José Antonio Guerrero
Valencia
Monday, 11 November 2024, 15:48
“Briefly closed as a result of storm.” It appears virtually a play on phrases however it’s the signal that greets would-be guests to the cemetery of Catarroja (a Valencian city of 29,000 inhabitants), virtually at ‘floor zero’ to the storm harm from the ‘Dana’ as its neighbouring city is Paiporta the place most fatalities occurred. There are some 500 arms prepared to assist, together with volunteers and employees from Eserca (the municipal firm that manages the cemetery), working laborious to take away all of the mud that has turned the walkways of this historic cemetery right into a quagmire – a cemetery that dates from 1889 and the place 130 mausoleums or household tombs and 6,500 coffin niches are situated.
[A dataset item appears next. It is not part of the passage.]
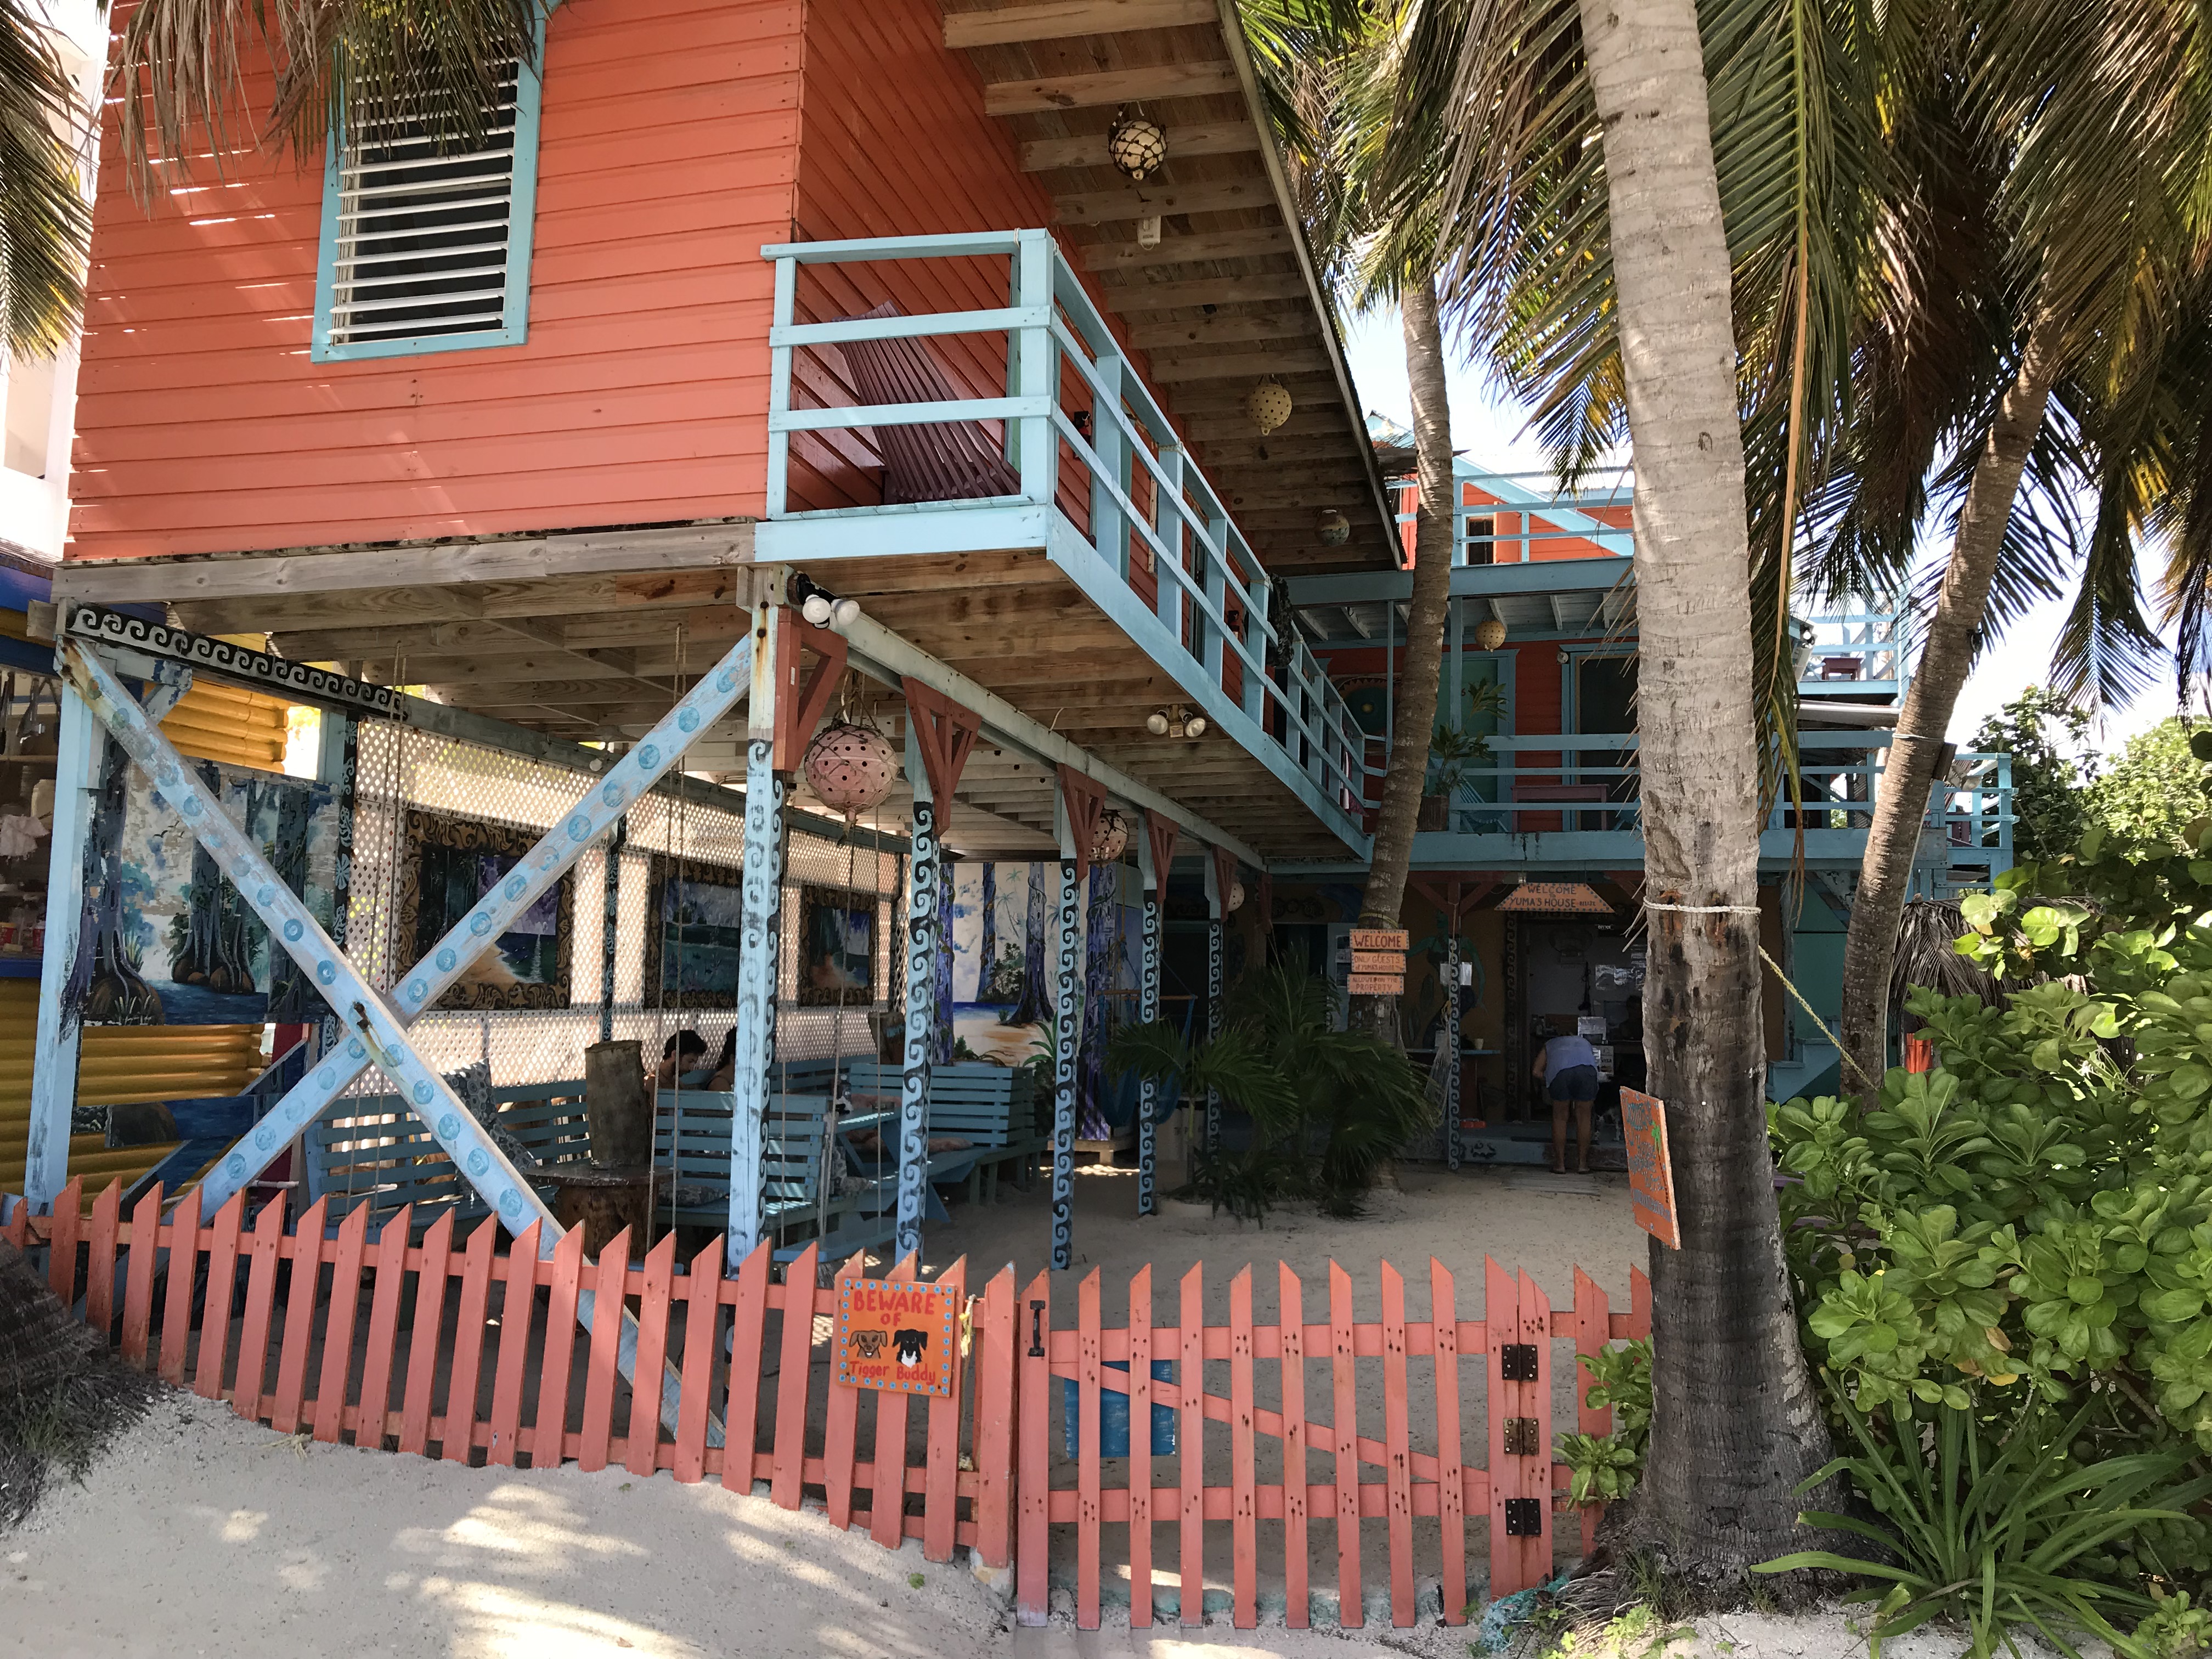 Yuma's House Belize

“It’s best to have seen it a number of days in the past. In some areas the water was greater than 1.7 metres excessive and reached virtually midway up the second row of niches”, says Salvador Pons, who has been caretaker and gravedigger right here for 19 years (a commerce he inherited from his father), and who everybody in Catarroja – a city of nicknames – calls Cacau after the peanut farm that his great-great-grandfather used to run.
Salvador Pons, referred to as Cacau, caretaker on the cemetery in Catarroja.
Óscar Chamorro

Cacau, a diligent man who takes care of “my deceased” as in the event that they had been his personal flesh and blood, has forgotten to take down the poster saying the momentary closure. The cemetery lastly reopened its doorways final Friday to host the primary burials, two ladies aged 73 and 95 who died of pure causes 10 days in the past, however who had not been capable of be buried till now as a result of harm brought on by the flood and the impossibility of even gaining entry to the cemetery.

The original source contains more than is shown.